(EXERCISE):
Whichever lines of the entries hold the word "White" should be identified and copied.

(DATASET):
________________

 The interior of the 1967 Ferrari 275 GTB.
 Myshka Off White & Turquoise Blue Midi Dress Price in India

________________

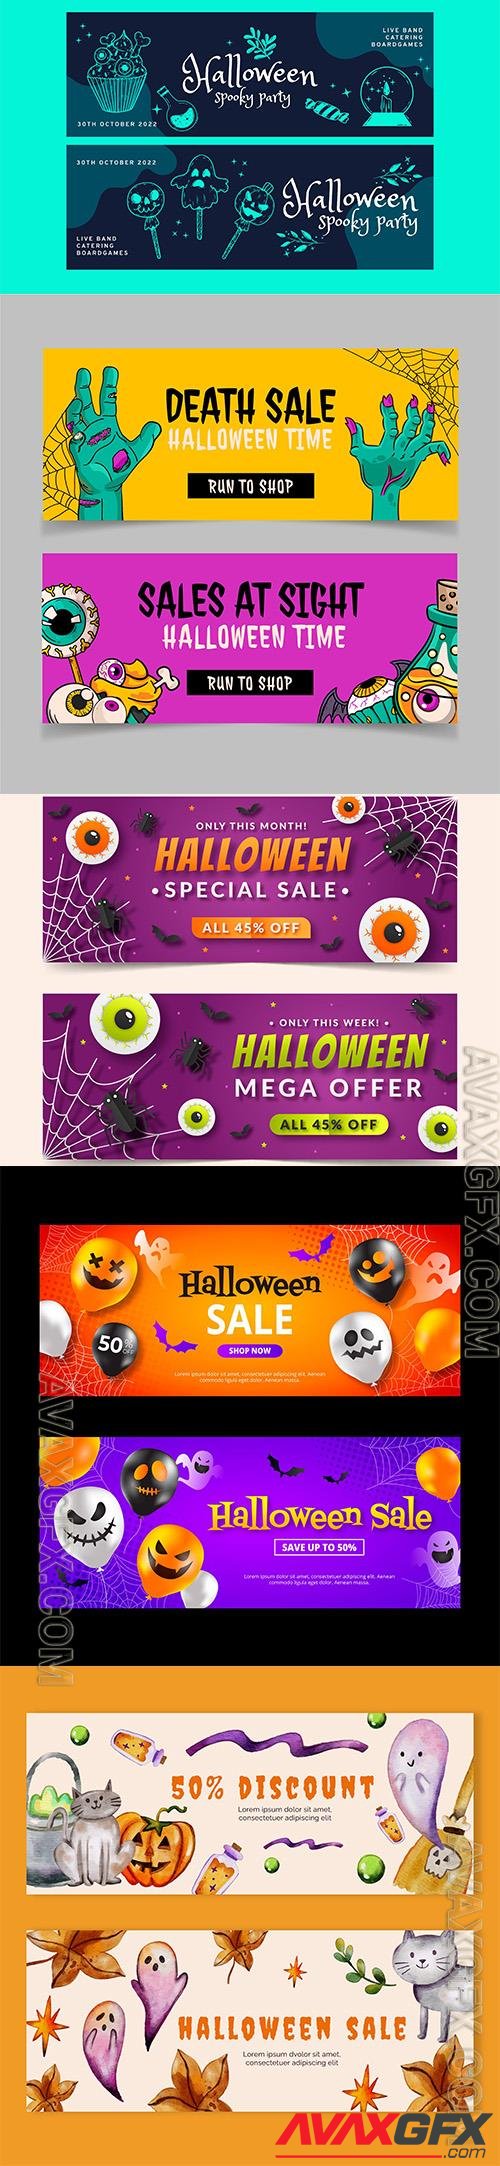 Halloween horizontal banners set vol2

________________

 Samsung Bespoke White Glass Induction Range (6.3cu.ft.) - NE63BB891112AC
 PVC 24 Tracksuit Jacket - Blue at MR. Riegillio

________________

(YOUR RESPONSE):
 Myshka Off White & Turquoise Blue Midi Dress Price in India
 Samsung Bespoke White Glass Induction Range (6.3cu.ft.) - NE63BB891112AC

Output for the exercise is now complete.